A welcome addition to the kitchen or a fast track way to end up with health problems?
It is Salt Awareness week in the UK and those tiny grains of evaporated seawater certainly can turn into a contentious topic. We're told that we should all cut down on our salt consumption – I can't remember the last time I saw salt on a table at dinner - but it is an undeniable necessity if you want to create a delicious dish from scratch; the Great British Chefs website says “A kitchen without salt, is a kitchen without flavour”. Even the Spice Pots team are divided... some of us probably a little liberal in our pinches and others with a scant sprinkling. So what are we to do?
East Lothian has a well seasoned history, with one side of our county being lapped by the Firth of Forth and the other braving the waves of the North Sea, it became a perfect home for the salt industry. In fact, Prestonpans was previously called Preston Salt – then changed to its current name as a nod to the monks who used pans on the seashore to collect seawater. The seawater was then evaporated to leave behind salt crystals, and this traditional way is still used to produce what some would call the posh sea salt flakes available today, such as Maldon – a staple in our cupboard for sure.

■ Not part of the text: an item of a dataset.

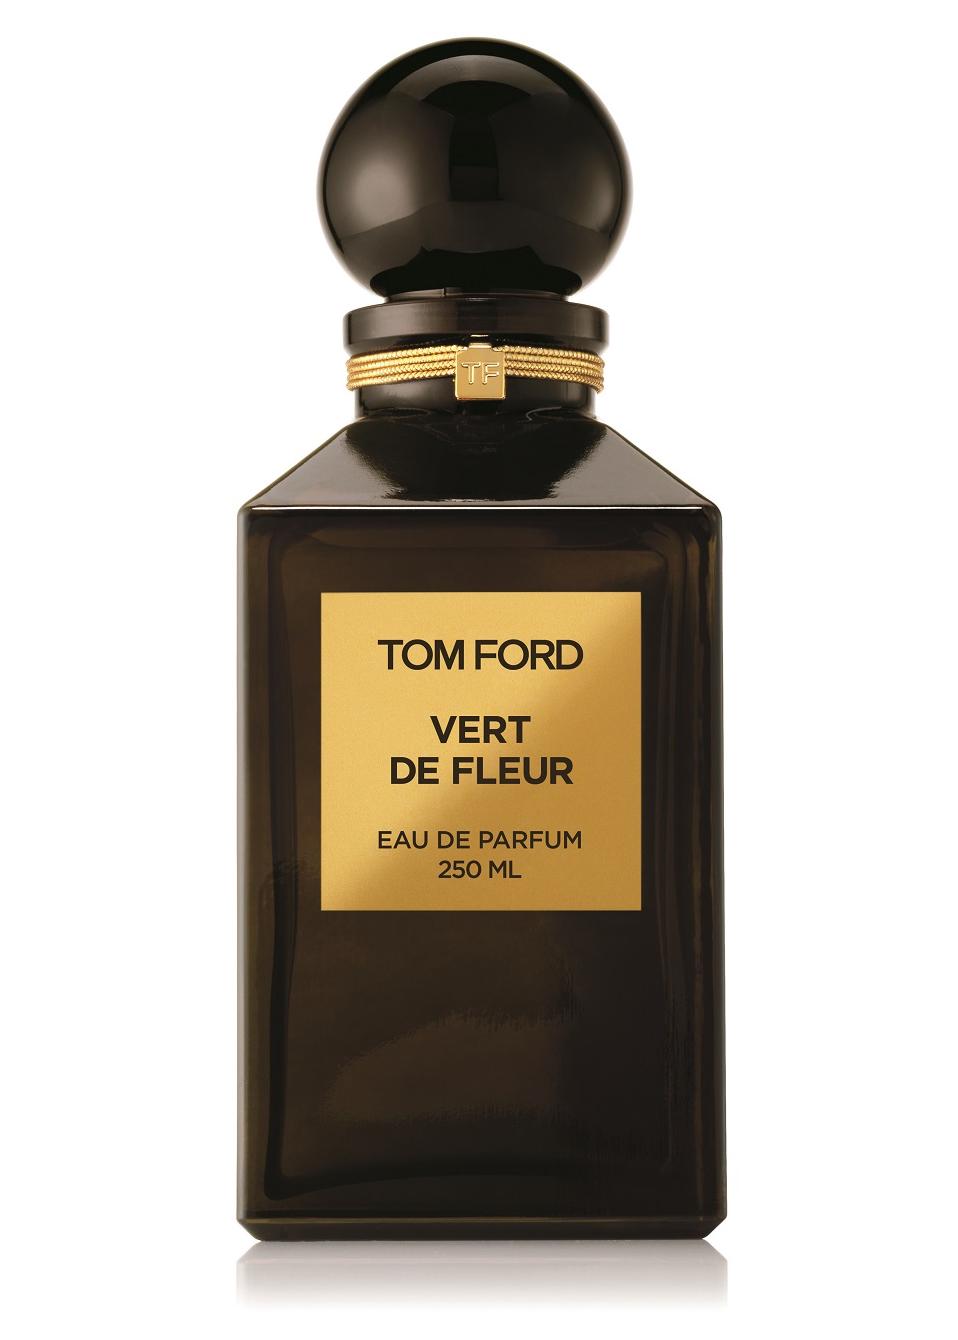 vert de fleur tom ford perfume a new fragrance for women and men 2016. Black Bedroom Furniture Sets. Home Design Ideas

In terms of cooking with salt, the big question is – when should we add it and how much? Traditionally, it was always the case to add salt in the early stages but why? Cooks Illustrated looked at the science behind this and found that salt takes time to work it's way into ingredients and adding at the start means your dish will be well seasoned all the way through – not just as a last minute coating that will be the first thing that hits your tastebuds. In terms of amount, The Kitchn recommends adding small amounts at a time and taste, taste, taste! Salt definitely helps to intensify each of the flavours in a dish – and slow and steady wins the race for a well seasoned dish, while ensuring you stop before you oversalt and ruin all your hard work.

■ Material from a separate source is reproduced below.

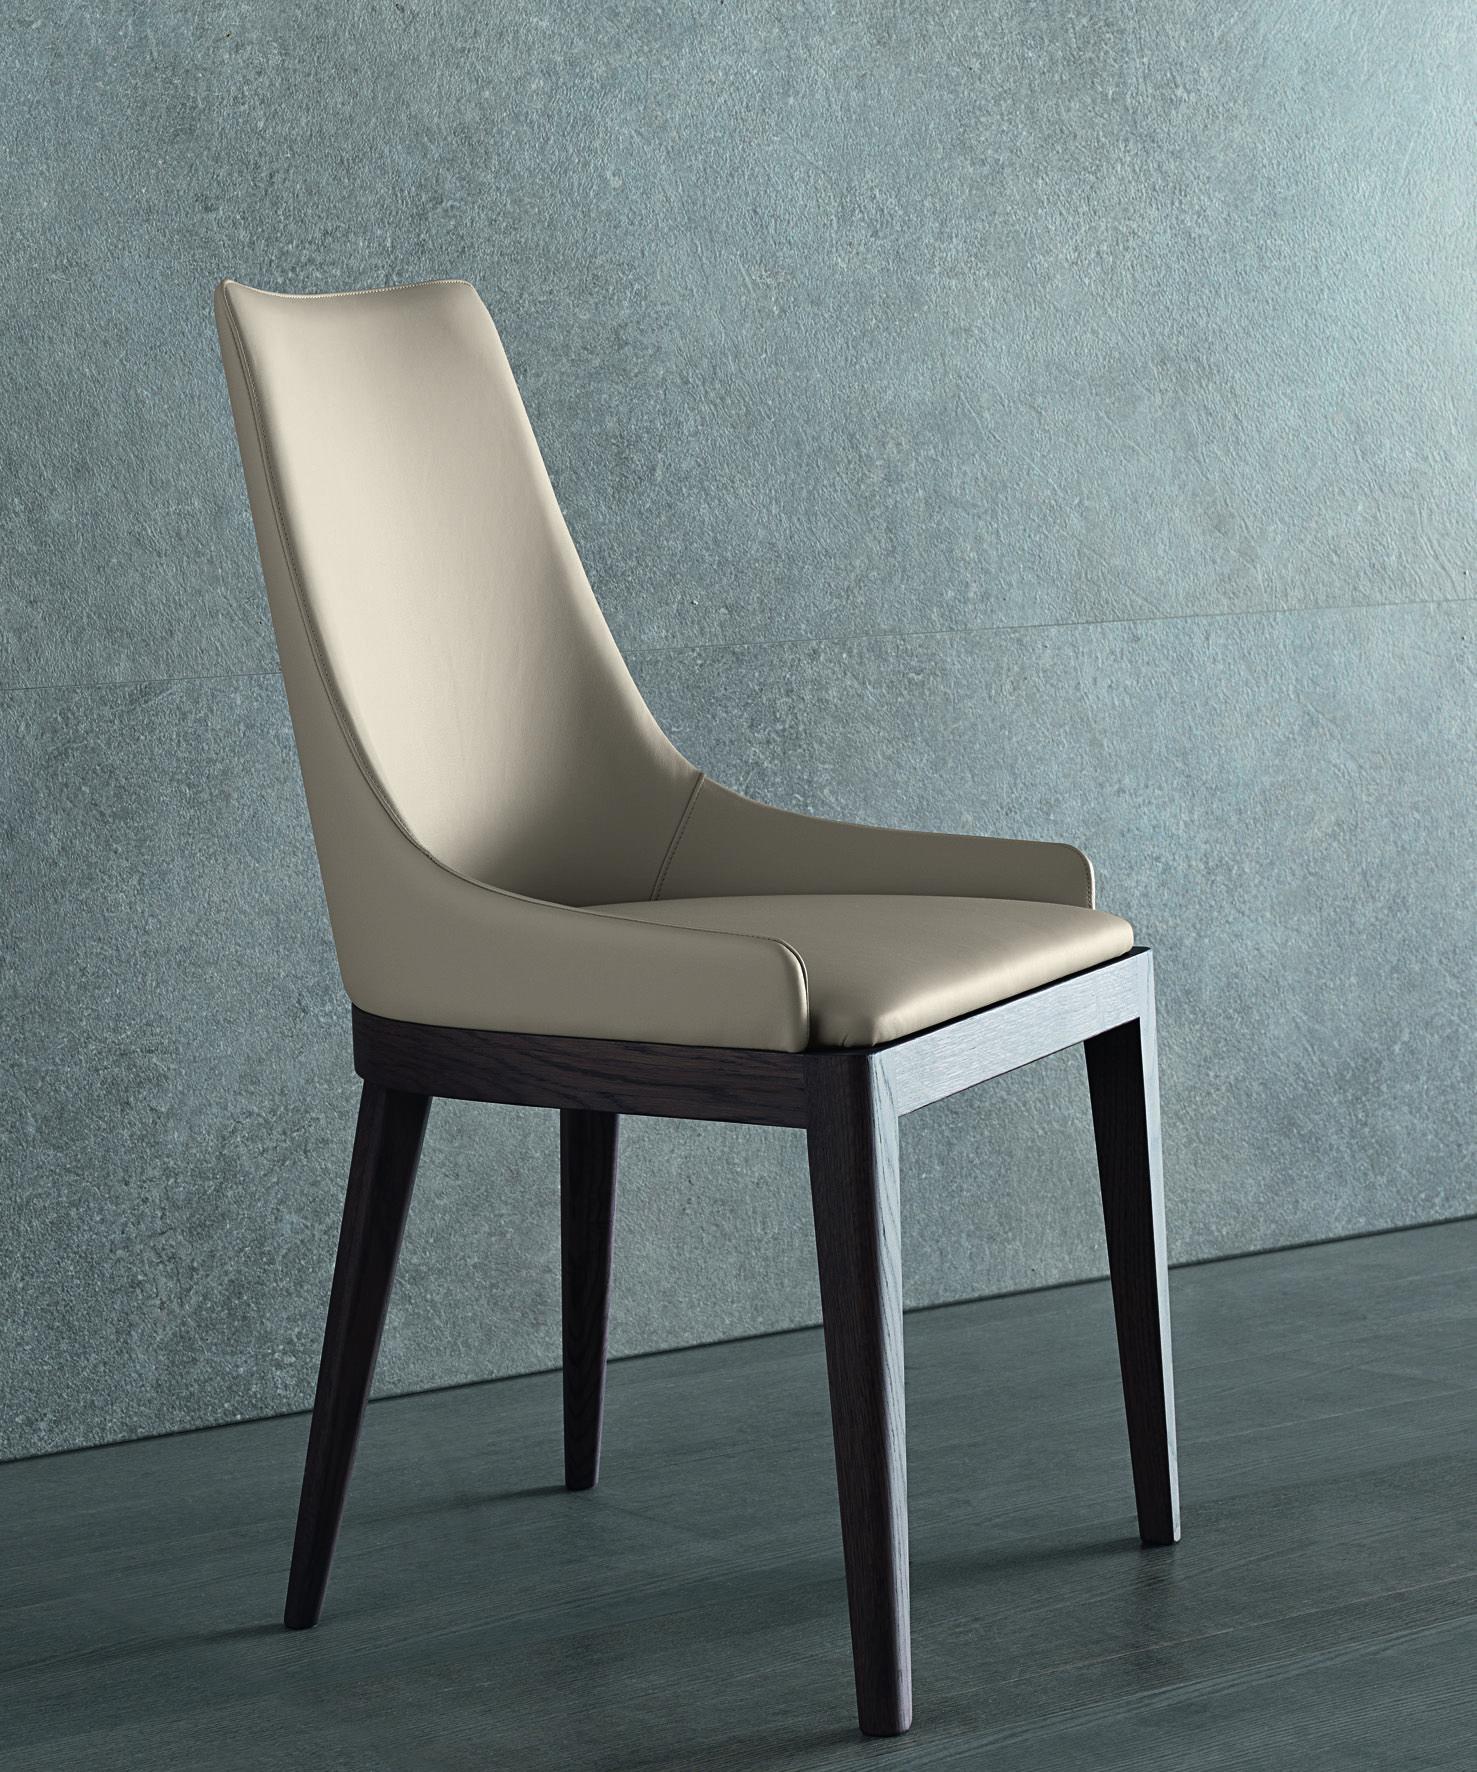 misuraemme furniture. CLEÒ | 椅子 By MisuraEmme Misuraemme Furniture

But hang on! How about all the bad things we hear about salt? The biggest worry is raised blood pressure, resulting in an increased risk of heart disease and stroke. So should we just get used to bland food and look forward to adding, slightly unpalatable, years to our life? Michael Mosley, the doctor devoted to exposing the truth on his program Trust Me, I'm A Doctor, looked into this very issue. The UK recommendation is to limit salt to 6g (or a teaspoon) per day but he cited studies that found that anything below 7g of salt didn't seem to provide any additional benefits, and there was in fact one American study where evidence pointed to a small rise in cholesterol and fats implicated in heart disease. His final conclusion was the sensible one and one that can be used for any health debate be it cholesterol, fats or sugars – moderation is key.
And going hand in hand with moderation? Having more control over your salt consumption with home cooked meals. Placing your daily ration in the hands of big manufacturers means it's gone before you've even grabbed a mid-morning coffee – bread and cereals are one of the biggest sources of salt. Luckily our Spice Pots curry powders are salt (and sugar) free, while other curry spices and Indian cooking kits can often contain quite a bit of salt. Making it not only easy to season your curries to your own liking, but also giving you piece of mind on the health front. The absolutely top benefit being your smug face when you whip up a really yummy and quick, home cooked curry. Who wins? Everyone!